A faint smile crept onto the face of the boy with the epaulettes. He stroked his chin, practice for that time in the not so distant future when it would sport a scrupulously sculpted beard, the last thing upon which his victims would cast their eyes. "Or what?"
"Please," said the Dictator, before he was a dictator, taking a tact frowned upon by the Academy for Totalitarian Despots. "Please."
The boy with the epaulettes snorted disdainfully, and he tapped a long, thin finger against the Dictator's chest. "I do not think you are cut out to be a career despot," said the boy with the epaulettes in a low growl that reminded the Dictator of a thunderhead rolling in overhead. "I do not think you have it in you to . . . neutralize the many threats to your authority that you will encounter.
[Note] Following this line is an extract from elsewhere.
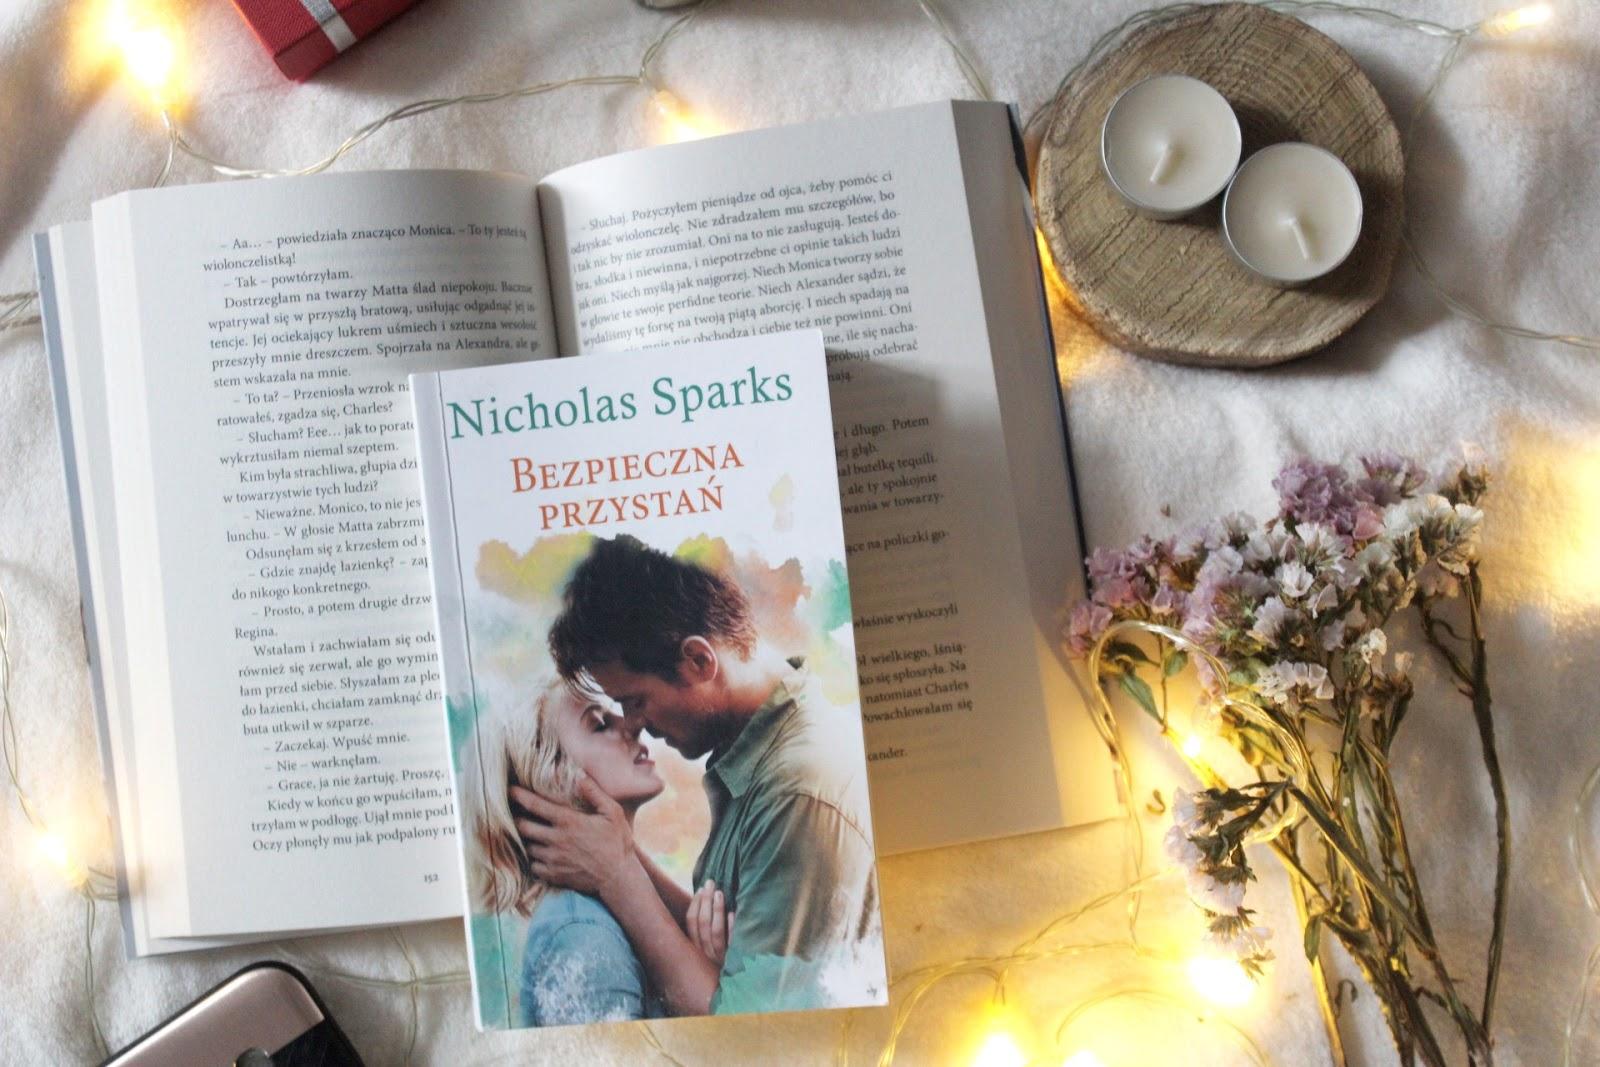 Bezpieczna Przystań, Nicholas Sparks. Ucieczka z koszmaru, damski bokser i nowa miłość.

The corruption in you is weak," and he looked up at the noose that hung above them.
Behind the boy with the epaulettes appeared the cowlicked ghost, who hung in the air in a way the Dictator could only describe as sorrowful, and the Dictator reached out to the face of the boy with the epaulettes and held his cheeks in his hands, and he marveled at how oddly warm they felt, feverish, and then he snapped his neck.
The boy with the epaulettes fell tidily to the ground, and the Dictator peered into the face of the cowlicked ghost, growing faint in the waning light. He saw in its place his own face, his own dimming eyes, and something else, an expression of . . . reluctant satisfaction? A look that would haunt him in those moments of secret dejection to come.
The Dictator, having finally become a dictator, would still never be able to lie compellingly and would, for the rest of his days, be of two minds about every life he took. Some days he would sit in silent colloquy amidst the ever increasing herd of the slain, their billowing remnants. And then there were those impending ghosts, seeking to save their still beating hearts, filling the atmosphere with their winsome futility, and whose futurity he regretted he would one day bring to an end. But it was himself the Dictator would spend every day of his life trying, and failing, to save.